----- SOURCE RECORDS
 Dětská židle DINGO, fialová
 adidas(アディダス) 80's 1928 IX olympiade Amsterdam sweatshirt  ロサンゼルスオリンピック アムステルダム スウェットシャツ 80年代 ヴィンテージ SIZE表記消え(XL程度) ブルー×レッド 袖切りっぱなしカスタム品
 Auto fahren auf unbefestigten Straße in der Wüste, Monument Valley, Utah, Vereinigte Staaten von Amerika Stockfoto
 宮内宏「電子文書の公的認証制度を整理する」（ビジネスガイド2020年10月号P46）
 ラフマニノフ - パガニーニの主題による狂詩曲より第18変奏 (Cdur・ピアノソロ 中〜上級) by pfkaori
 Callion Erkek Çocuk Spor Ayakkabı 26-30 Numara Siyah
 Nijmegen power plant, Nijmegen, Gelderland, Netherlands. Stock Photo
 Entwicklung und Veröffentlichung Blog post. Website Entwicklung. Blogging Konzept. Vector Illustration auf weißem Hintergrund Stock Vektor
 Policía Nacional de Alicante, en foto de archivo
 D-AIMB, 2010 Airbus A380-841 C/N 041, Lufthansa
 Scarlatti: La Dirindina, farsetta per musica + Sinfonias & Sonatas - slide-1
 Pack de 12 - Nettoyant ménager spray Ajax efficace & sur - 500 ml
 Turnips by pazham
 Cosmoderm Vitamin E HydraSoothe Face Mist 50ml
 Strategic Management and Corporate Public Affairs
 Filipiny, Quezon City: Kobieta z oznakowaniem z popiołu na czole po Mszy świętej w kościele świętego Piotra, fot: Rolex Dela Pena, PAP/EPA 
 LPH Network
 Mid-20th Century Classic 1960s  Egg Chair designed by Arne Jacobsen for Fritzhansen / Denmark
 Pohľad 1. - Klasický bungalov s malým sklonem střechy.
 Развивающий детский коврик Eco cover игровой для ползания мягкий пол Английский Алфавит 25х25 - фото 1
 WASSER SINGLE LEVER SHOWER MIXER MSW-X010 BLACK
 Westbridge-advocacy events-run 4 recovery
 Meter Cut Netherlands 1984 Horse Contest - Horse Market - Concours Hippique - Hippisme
----------
**WHAT YOU NEED TO DO**
Using the records above as the source, restate each line verbatim.

**RESULT FOR THIS TASK**
 Dětská židle DINGO, fialová
 adidas(アディダス) 80's 1928 IX olympiade Amsterdam sweatshirt  ロサンゼルスオリンピック アムステルダム スウェットシャツ 80年代 ヴィンテージ SIZE表記消え(XL程度) ブルー×レッド 袖切りっぱなしカスタム品
 Auto fahren auf unbefestigten Straße in der Wüste, Monument Valley, Utah, Vereinigte Staaten von Amerika Stockfoto
 宮内宏「電子文書の公的認証制度を整理する」（ビジネスガイド2020年10月号P46）
 ラフマニノフ - パガニーニの主題による狂詩曲より第18変奏 (Cdur・ピアノソロ 中〜上級) by pfkaori
 Callion Erkek Çocuk Spor Ayakkabı 26-30 Numara Siyah
 Nijmegen power plant, Nijmegen, Gelderland, Netherlands. Stock Photo
 Entwicklung und Veröffentlichung Blog post. Website Entwicklung. Blogging Konzept. Vector Illustration auf weißem Hintergrund Stock Vektor
 Policía Nacional de Alicante, en foto de archivo
 D-AIMB, 2010 Airbus A380-841 C/N 041, Lufthansa
 Scarlatti: La Dirindina, farsetta per musica + Sinfonias & Sonatas - slide-1
 Pack de 12 - Nettoyant ménager spray Ajax efficace & sur - 500 ml
 Turnips by pazham
 Cosmoderm Vitamin E HydraSoothe Face Mist 50ml
 Strategic Management and Corporate Public Affairs
 Filipiny, Quezon City: Kobieta z oznakowaniem z popiołu na czole po Mszy świętej w kościele świętego Piotra, fot: Rolex Dela Pena, PAP/EPA 
 LPH Network
 Mid-20th Century Classic 1960s  Egg Chair designed by Arne Jacobsen for Fritzhansen / Denmark
 Pohľad 1. - Klasický bungalov s malým sklonem střechy.
 Развивающий детский коврик Eco cover игровой для ползания мягкий пол Английский Алфавит 25х25 - фото 1
 WASSER SINGLE LEVER SHOWER MIXER MSW-X010 BLACK
 Westbridge-advocacy events-run 4 recovery
 Meter Cut Netherlands 1984 Horse Contest - Horse Market - Concours Hippique - Hippisme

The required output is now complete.